### Data below
%%

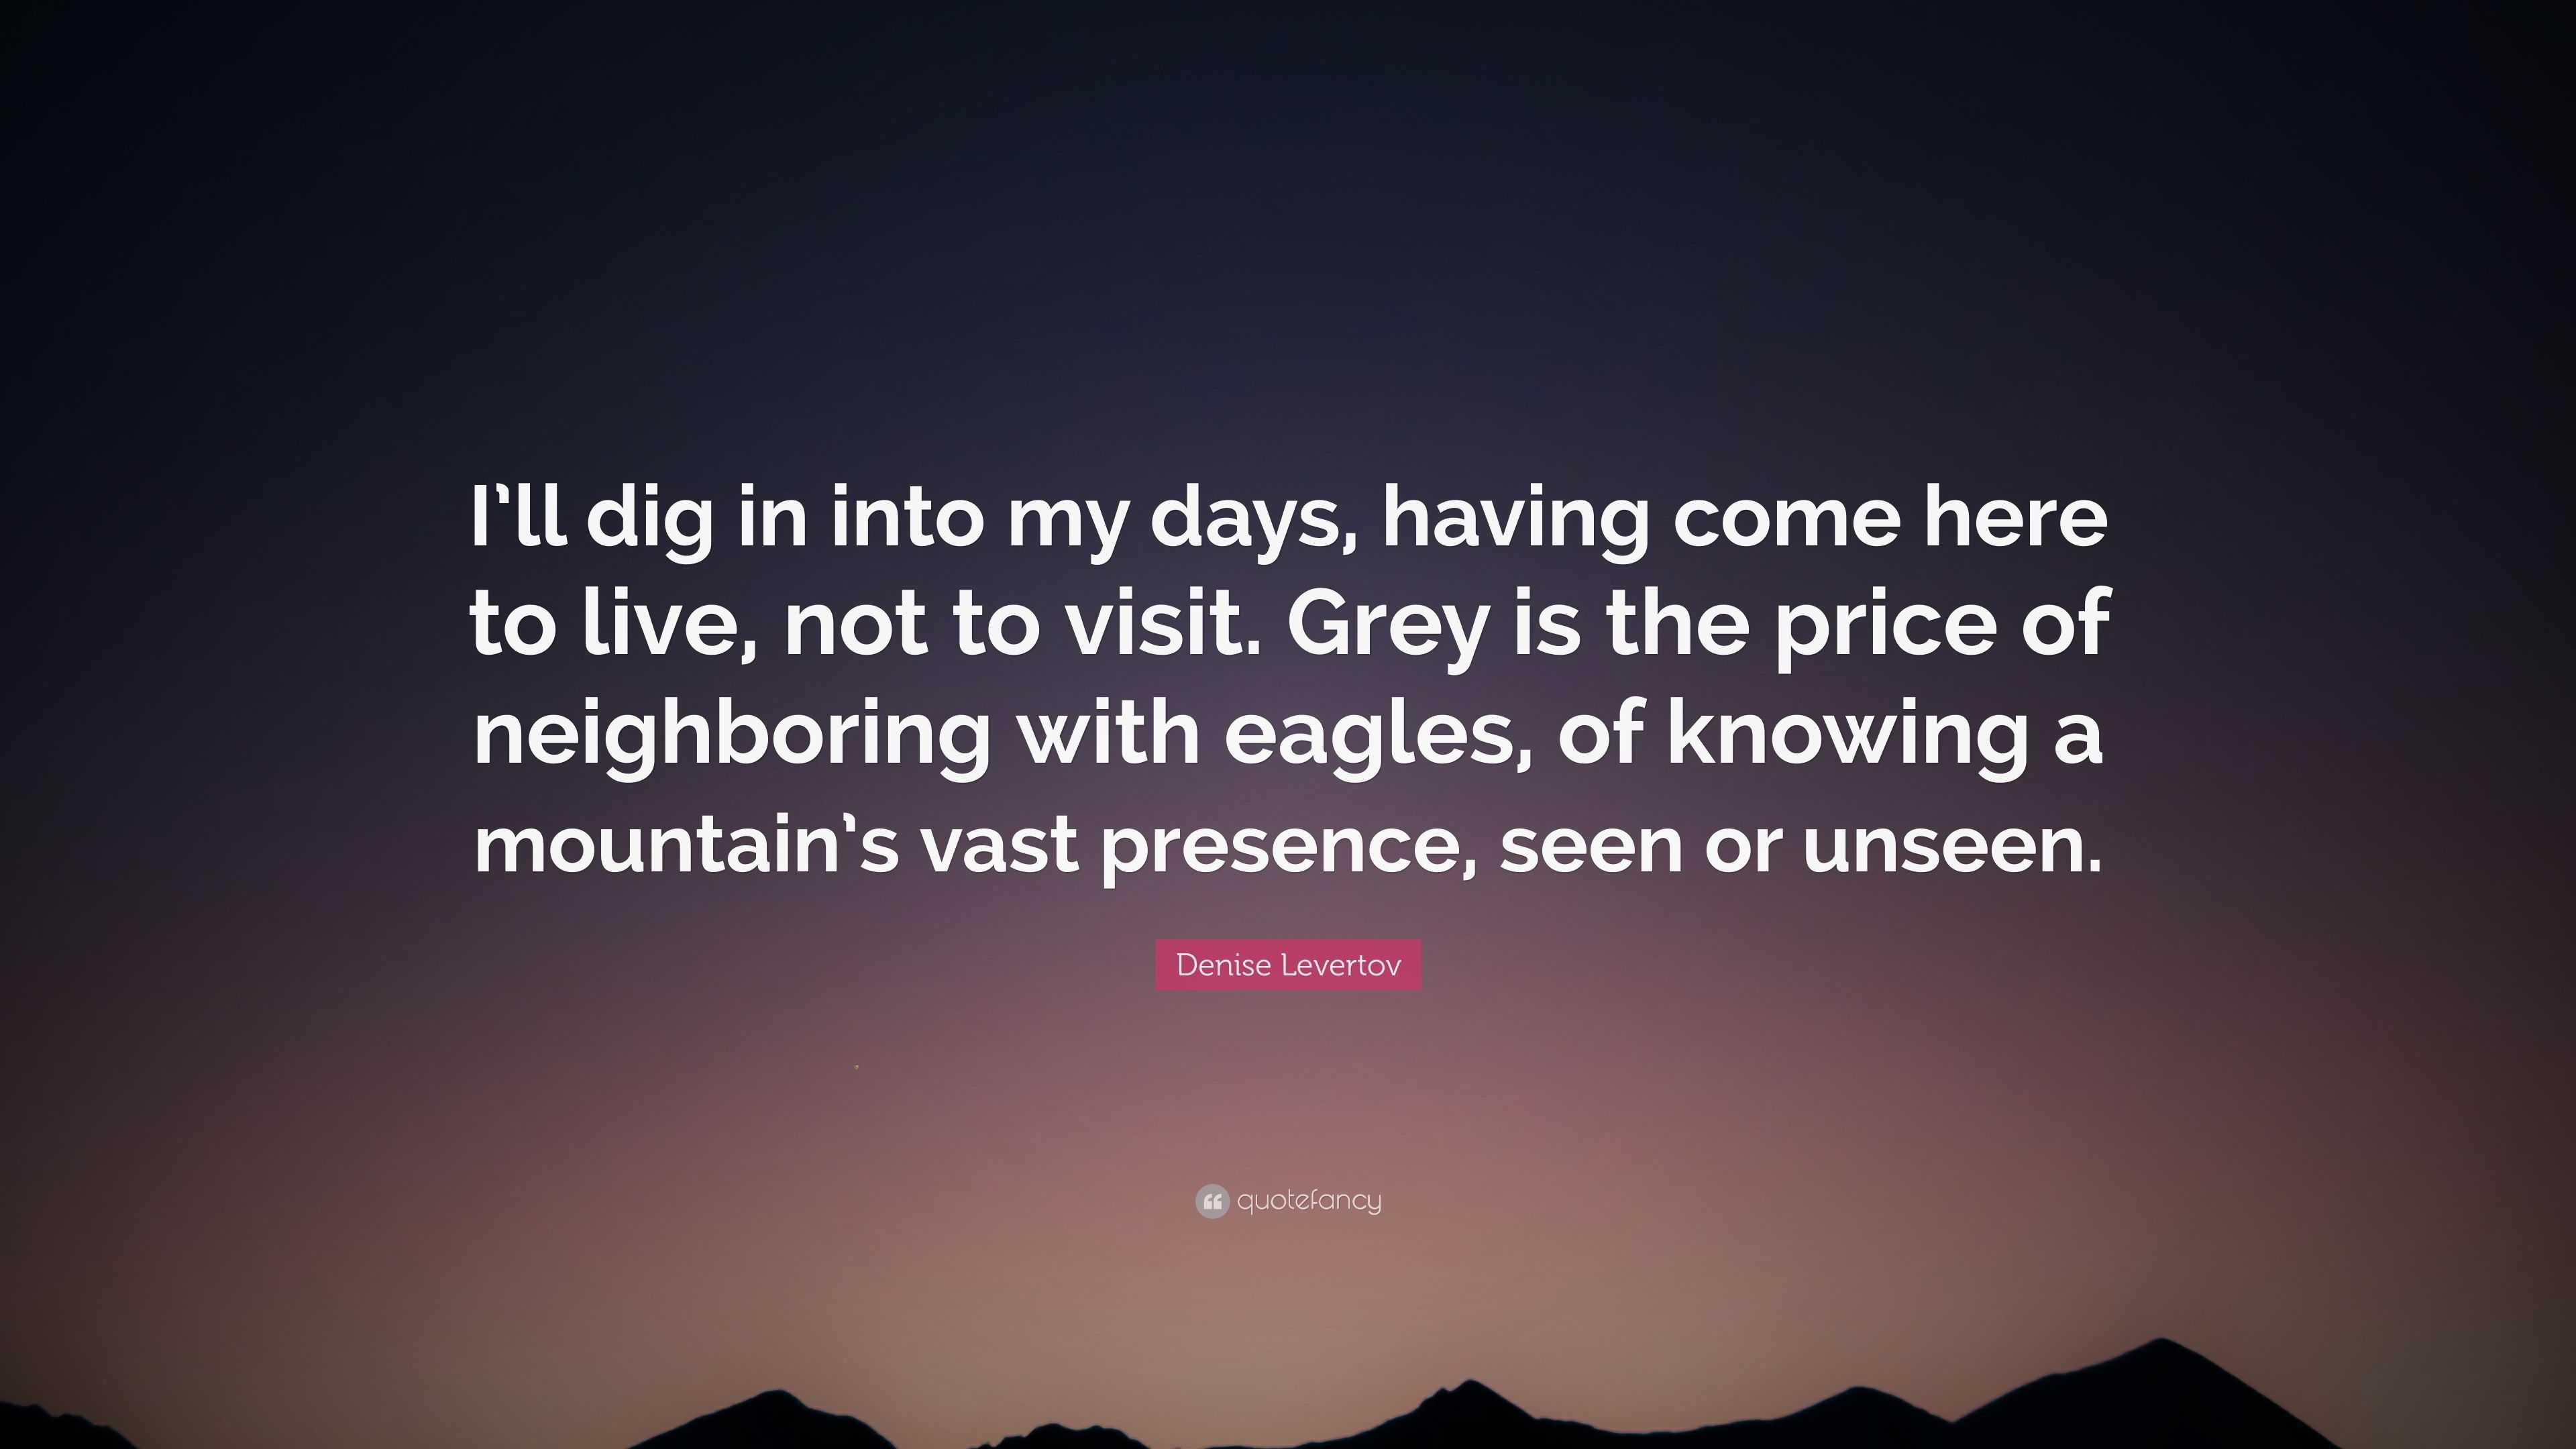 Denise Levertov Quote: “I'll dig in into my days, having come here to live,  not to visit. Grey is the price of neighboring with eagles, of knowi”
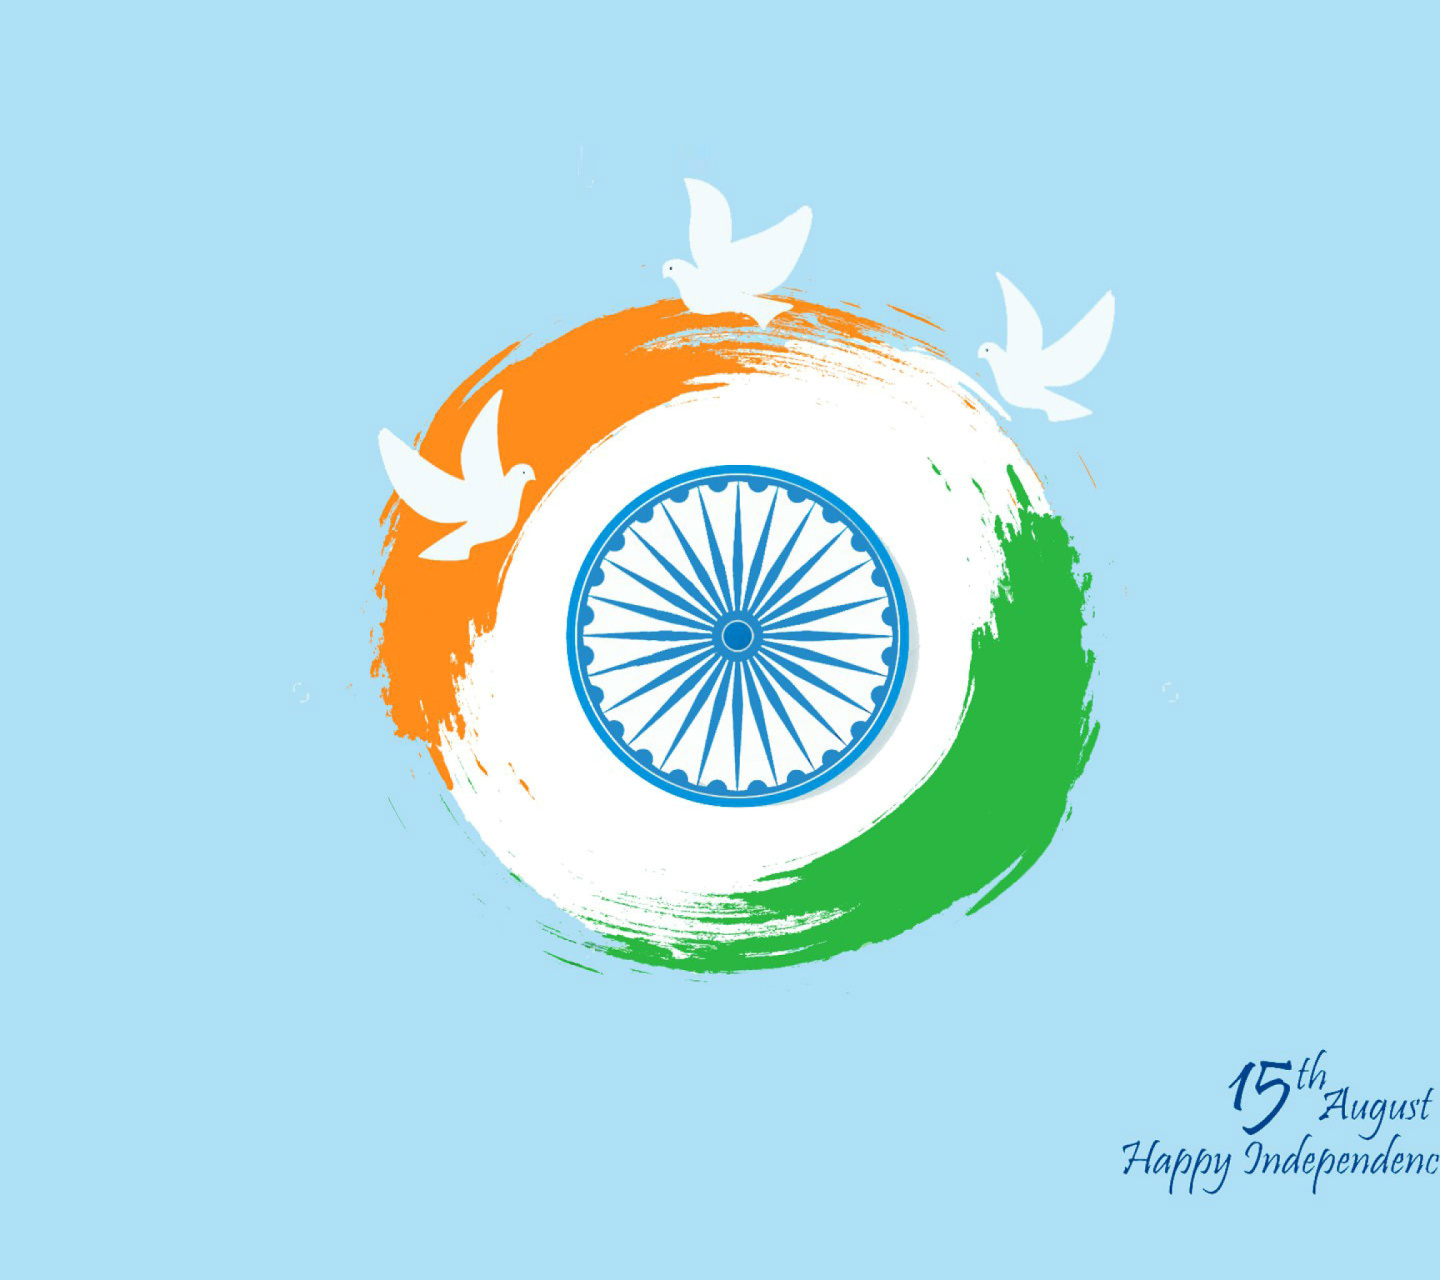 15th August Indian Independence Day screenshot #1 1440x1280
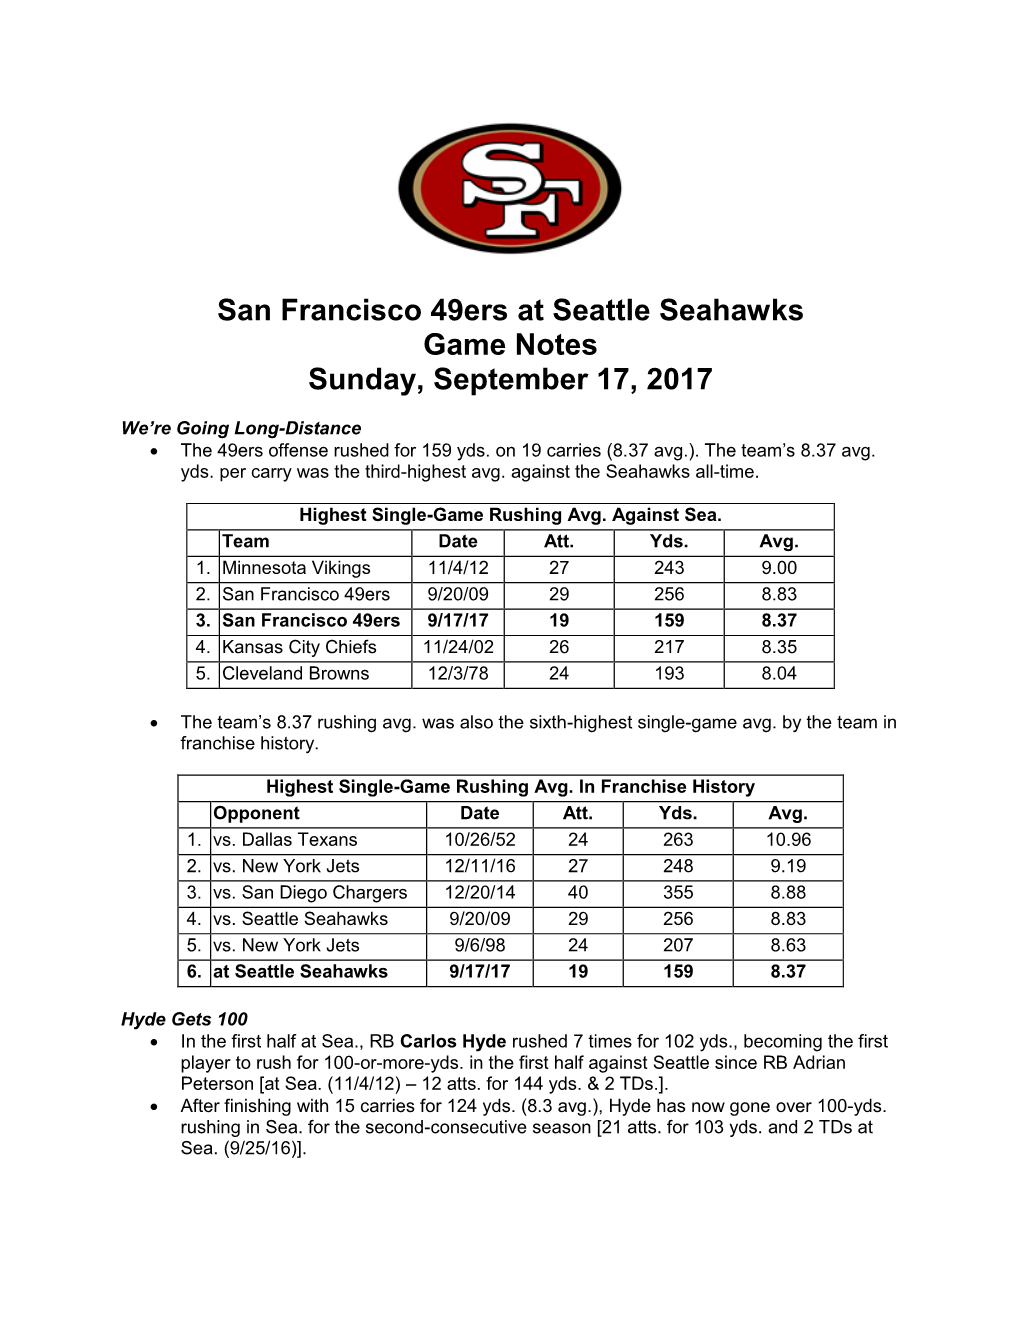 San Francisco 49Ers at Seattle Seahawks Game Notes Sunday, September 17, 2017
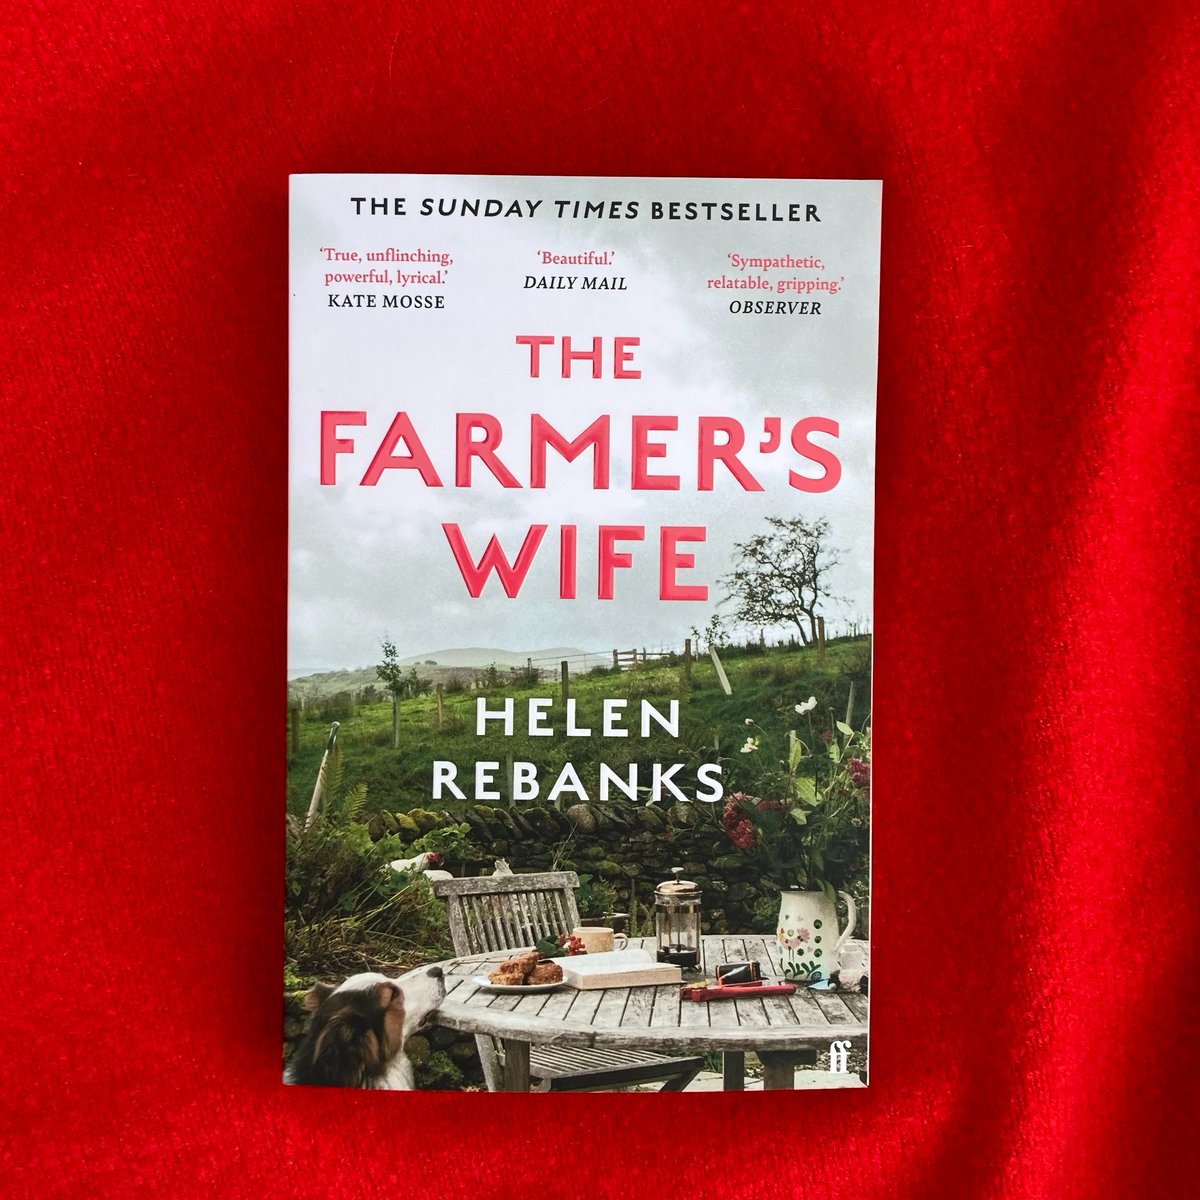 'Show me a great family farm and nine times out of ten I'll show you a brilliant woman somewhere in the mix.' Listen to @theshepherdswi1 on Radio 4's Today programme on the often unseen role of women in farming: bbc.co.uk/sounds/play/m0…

%%

### What is expected
Output the complete listing exactly as it appears, except for the images.

### Solution to this exercise
 Denise Levertov Quote: “I'll dig in into my days, having come here to live,  not to visit. Grey is the price of neighboring with eagles, of knowi”
 15th August Indian Independence Day screenshot #1 1440x1280
 San Francisco 49Ers at Seattle Seahawks Game Notes Sunday, September 17, 2017
 'Show me a great family farm and nine times out of ten I'll show you a brilliant woman somewhere in the mix.' Listen to @theshepherdswi1 on Radio 4's Today programme on the often unseen role of women in farming: bbc.co.uk/sounds/play/m0…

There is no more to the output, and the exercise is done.